Against the backdrop of the global economic crunch and the local economy's recession, there is a fierce debate on South Africa's (SA) trade policy trajectory. These matters have moved into sharp relief in light of the government's decision to raise import tariffs on certain clothing items. Clothing, long the lightening rod for these debates, sees some trade experts, economists and actors in the tripartite alliance exhibiting a desire to tightly control trade policy; others support further trade liberalisation.
Those in favour of protectionism argue that it is necessary to afford domestic producers the space to restructure their operations in order to survive foreign competition. They further argue that the state should strategically protect selected industries in order to build local industrial capacity and thus promote industrialisation. Suggested trade protectionism measures include hiking tariffs, imposition of quotas and other non-tariff barriers on selected industries. They attribute employment and poverty reduction successes to protectionist trade strategies and proclaim that this is the path to growth and development for the country. East Asian "tiger economies" are regarded as the essential example in this genre, more broadly of establishing "developmental states" privileging industrial policy.

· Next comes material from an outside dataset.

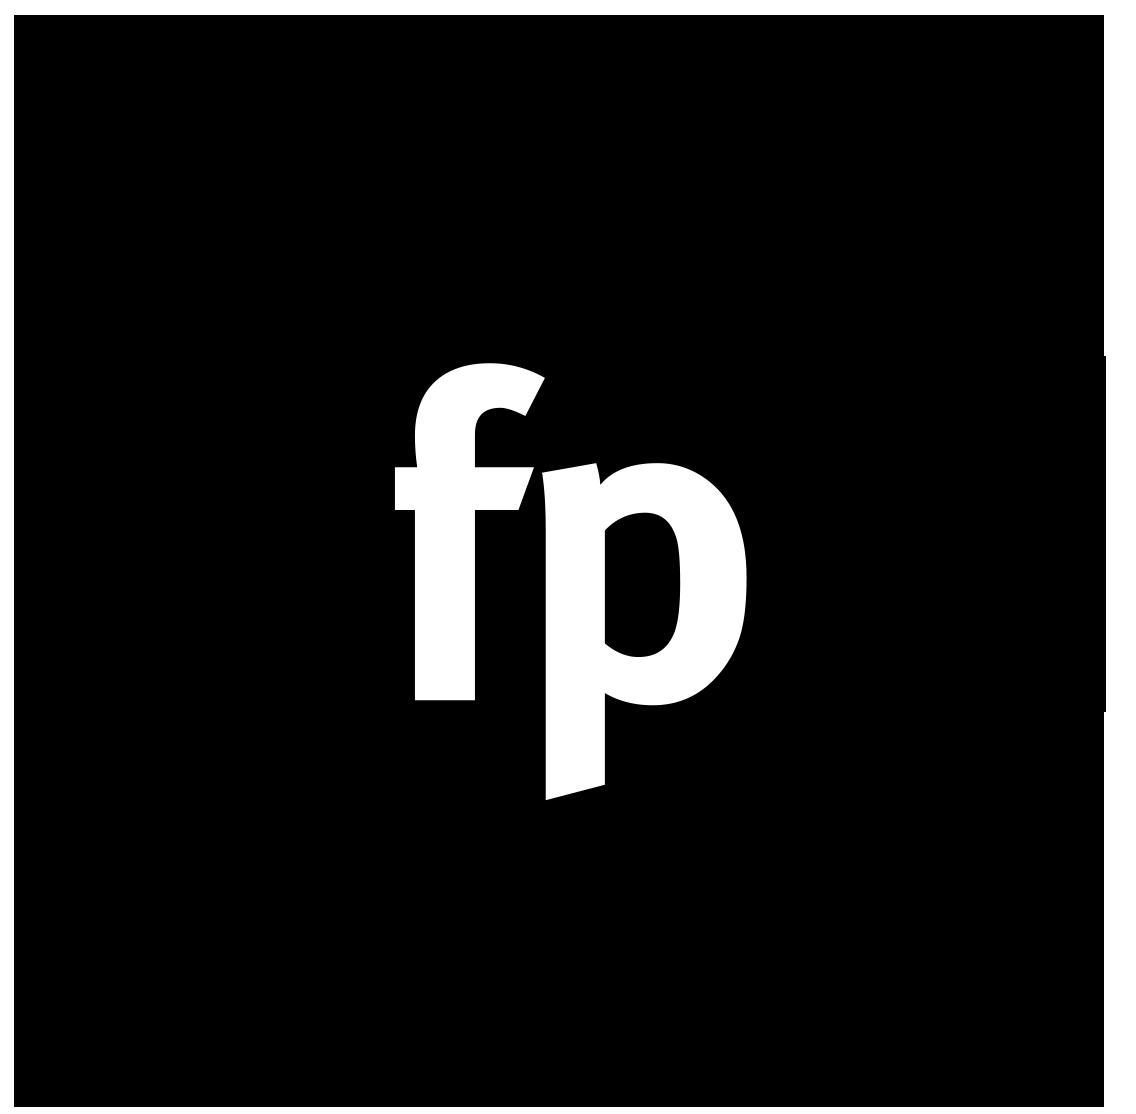 logo FP ARchitercture

Proponents of trade liberalisation assert that reduction of import protection encourages specialisation, competition and efficiency and allocates resources from uncompetitive sectors to sectors with comparative advantage. Advocates postulate that trade policy reform has the potential to offer significant positive impacts on economic performance and poverty. They also note the development success of the East Asian countries amongst others but credit this to their open trade policies.
In South Africa the impact of trade liberalisation on the economy remains a contentious issue. The rationale for liberalisation is based on the fact that major inefficiencies exist in the economy and that trade reform, coupled with a series of flanking measures, can play a critical role in spurring growth, albeit indirectly. A particularly complex problem that trade experts face is how best to disentangle the impact of tariff liberalisation specifically from a range of other factors such as exchange rate movements, and growth rates in importer and exporter countries. The problem is compounded by the fact that the dynamic gains proffered by trade liberalisation are not easily quantifiable as they occur over a longer period, leading to a political asymmetry where short-term losses of production and employment in anticipation of long-term gains are politically difficult for governments to sell. Furthermore, antagonists of trade liberalisation argue that SA's trade reform of the early 1990s is the primary cause of the high rate of unemployment.
On the other hand, weighing heavily against those who support protectionist trade policies are the numerous failed managed trade strategies. Historically, import substitution in SA was consis-tently promoted from 1924 to the 1970s, first via import quotas and mild import tariffs, and then by higher tariffs and anti-dumping measures. Imports declined, but inefficiencies in production were created as domestic producers were shielded from international competition. Requests for increased protection were often granted despite domestic producers falling further behind their international competitors. Currently, for a clothing and textiles sector which is enjoying protection through high tariffs, additional quotas imposed on China's imports did not achieve the desired results, but resulted in unintended negative consequences including the demise of Frame Textiles - a regional textiles stalwart.
The predicament of low growth and high unemployment in SA poses urgent challenges to policy makers. Trade policy is a critical component of these challenges, but certainly in itself does not make or break growth or employment. Neither protectionism nor liberalisation is without failures. Unfortunately the current debate on these competing economic paradigms tends to be highly polarized and rhetorical and arguments are sufficiently light on substance that they fail to convince any but the converted. This kind of discourse also does not contribute to constructively critiquing government policy, and therefore does not advance SA's trade policy goals.
It is therefore important that actors in trade policy debate the benefits and costs of these competing stances in an open and frank manner. Such dialogue should proceed from the premise that trade policy is an instrument to deliver on government's development goals and be backed by strong evidence-based arguments.
Therefore the Department of Trade and Industry's newly minted trade policy and strategy framework provides an opportunity to interested parties to engage in an open and frank debate about the future trajectory of SA's trade policy and to ensure it delivers pro-poor results.